Review: Sunfire Dynamic Series SDS-12 Subwoofer

Bob Carver has always been a speaker designer who thinks outside the box, and also one who tends to ignore so-called experts when they tell him something can’t be done. As the founder of Phase Linear in the 1970s, Carver in the 1980s, and, more recently, Sunfire, Bob has been proving “experts” wrong for over 40 years.

A great example of his unconventional thinking is the Sunfire True Subwoofer, first launched some 15 years ago. Using a brute force approach, this design bent the rules that traditionally defined how much bass you could get from a given size of driver and enclosure, in the process creating what has gone on to become one of the most imitated subwoofers of all time. Now that same mindset has been applied to creating the Dynamic Series SDS-12 — a lower-cost brother for the True Subwoofer, with an asking price 75% less than the original.

To deliver loud and deep bass with a small sub, you need an extra-rugged driver that can stand up to huge excursions (the amount that it moves in and out) that get measured in inches, rather than a few millimeters. The cabinet also needs to be built like a tank, as big driver excursions mean that the enclosure will be pummeled by pogo stick-like shifts in internal air pressure. The catch is that it’s really expensive to build such a robust and powerful sub. So for the Dynamic Series subs, the challenge was to figure out how to keep costs down without too drastically diluting the original True Subwoofer’s winning formula.
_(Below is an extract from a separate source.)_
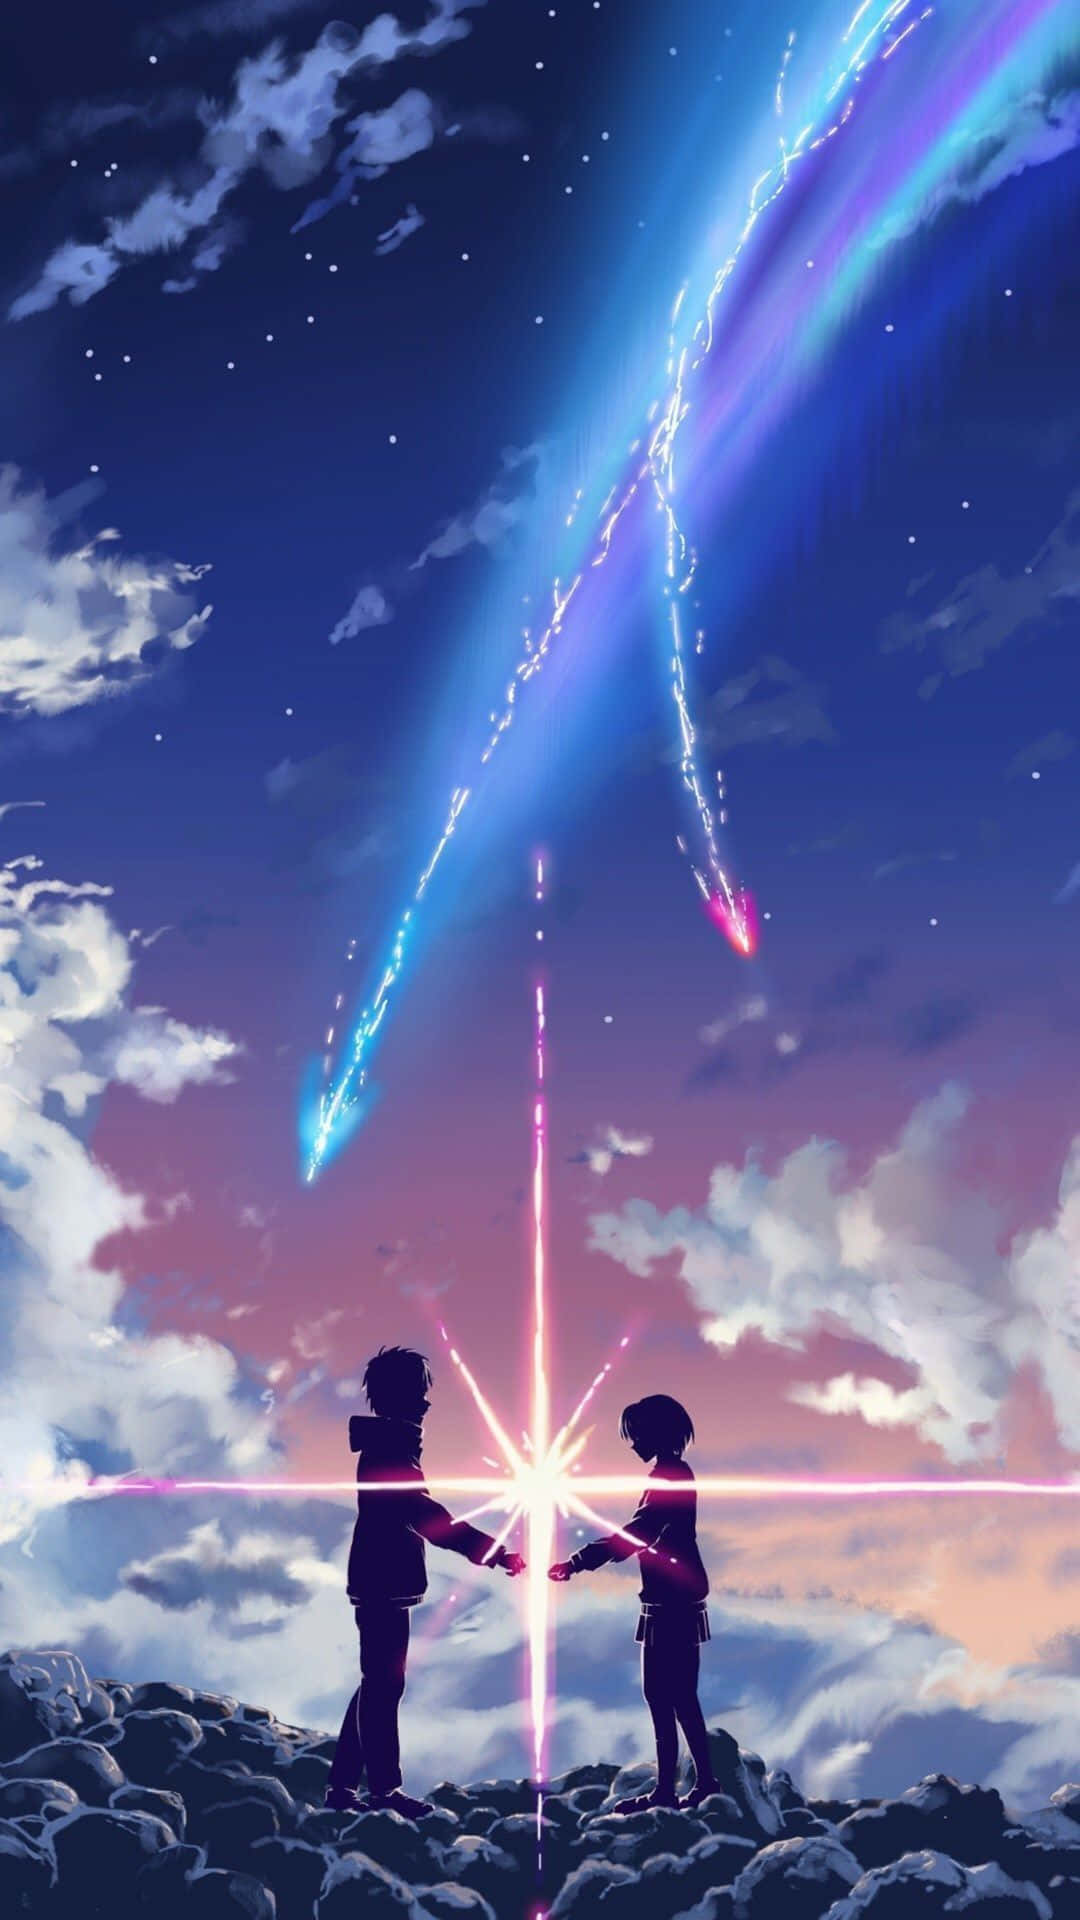 Best Anime Kimi No Nawa Mitsuha And Taki Background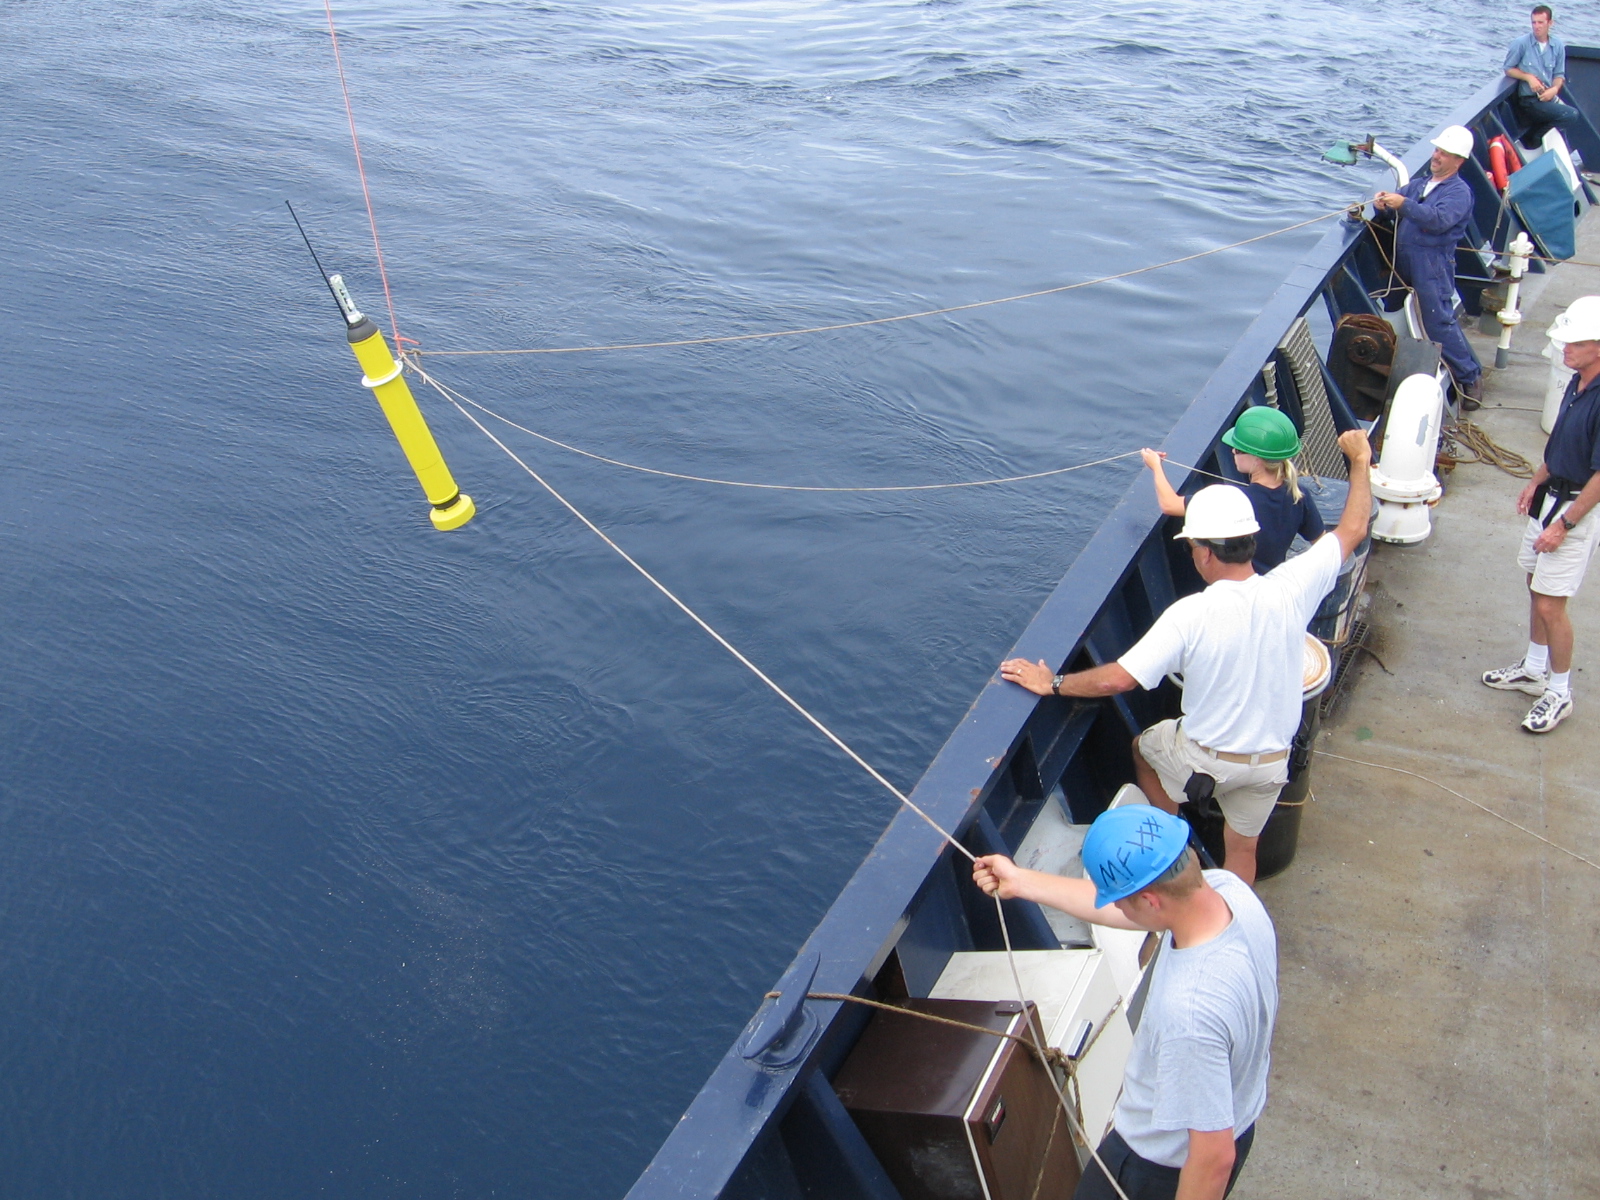 Argo Floats from the TS Golden Bear: Deployment and Data

Step one was to make the sub a little bigger. It might seem counterintuitive that a bigger sub can be cheaper, but even a small increase in internal volume significantly reduces the pressure variations inside the box. The upshot here is that, instead of needing a cabinet and driver with Abrams tank-level build quality, you can squeak by with something closer to Humvee-like toughness. The demands on the amp are also reduced, so rather than needing the True Subwoofer’s 2,700 watt amp, you can get by with one that cranks out a mere 300 watts (600 watts peak).

Step two in Sunfire’s cost-trimming exercise was to add a downward-firing 12-inch passive radiator. This further eased the internal pressure, reducing stress on the active driver and amplifier while increasing output. These two changes combined translated into a cabinet that’s roughly two to three inches bigger all around than the True Subwoofer EQ12. That might not sound like much of a size difference, but with cabinet walls that are noticeably thinner, the internal volume of the SDS-12 is actually substantially greater.